假设一个运营商检测到一个持续过载的链路,并且经历了显著的丢包率。存在广泛的潜在原因:路由参数(例如,OSPF链路权重)不适合流量矩阵,例如,由于该矩阵中的移动;拒绝服务攻击、flash群组或路由问题(链接摆动)。在大多数情况下,聚合链接统计数据不足以区分这些原因并决定适当的纠正措施。例如,如果两条链路上的路由不稳定,并且链路在过载和非活动之间切换,则这可能会在5分钟的窗口内平均,表明两条链路上的负载都适中。
Baseline PSAMP measurement of the congested link, as described in Section 11.1, enables measurements that are fine grained in both space and time. The operator has to be able to determine how many bytes/packets are generated for each source/destination address, port number, and prefix, or other attributes, such as protocol number,
如第11.1节所述,拥塞链路的基线PSAMP测量允许在空间和时间上进行细粒度的测量。操作员必须能够确定为每个源/目标地址、端口号和前缀或其他属性(如协议号)生成多少字节/数据包,
MPLS forwarding equivalence class (FEC), type of service, etc. This allows the precise determination of the nature of the offending traffic. For example, in the case of a Distributed Denial of Service (DDoS) attack, the operator would see a significant fraction of traffic with an identical destination address.

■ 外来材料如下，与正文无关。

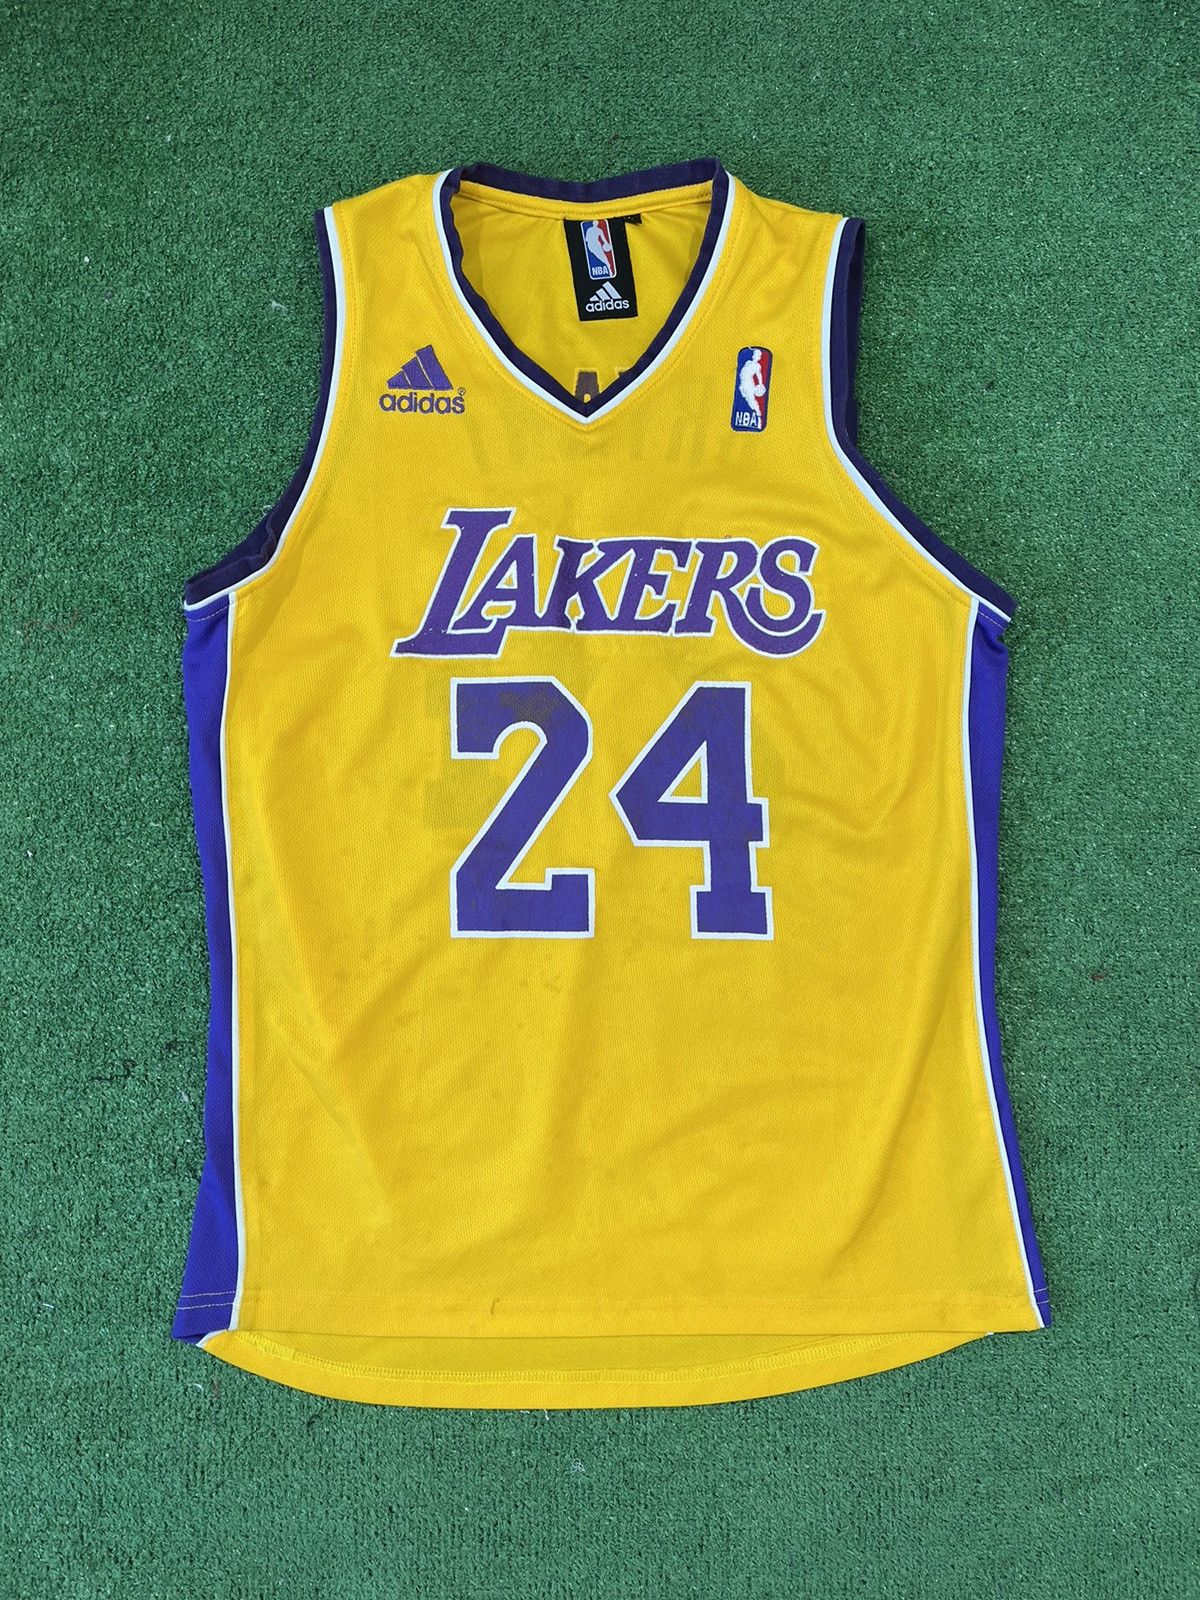 adidas Lakers Kobe Bryant 24 White Swingman Jersey Mens Sz 52

MPLS转发等价类(FEC)、服务类型等。这允许精确确定违规流量的性质。例如,在分布式拒绝服务(DDoS)攻击的情况下,运营商将看到相当一部分流量具有相同的目标地址。
In certain circumstances, precise information about the spatial flow of traffic through the network domain is required to detect and diagnose problems and verify correct network behavior. In the case of the overloaded link, it would be very helpful to know the precise set of paths that packets traversing this link follow. This would readily reveal a routing problem such as a loop, or a link with a misconfigured weight. More generally, complex diagnosis scenarios can benefit from measurement of traffic intensities (and other attributes) over a set of paths that is constrained in some way. For example, if a multihomed customer complains about performance problems on one of the access links from a particular source address prefix, the operator should be able to examine in detail the traffic from that source prefix that also traverses the specified access link towards the customer.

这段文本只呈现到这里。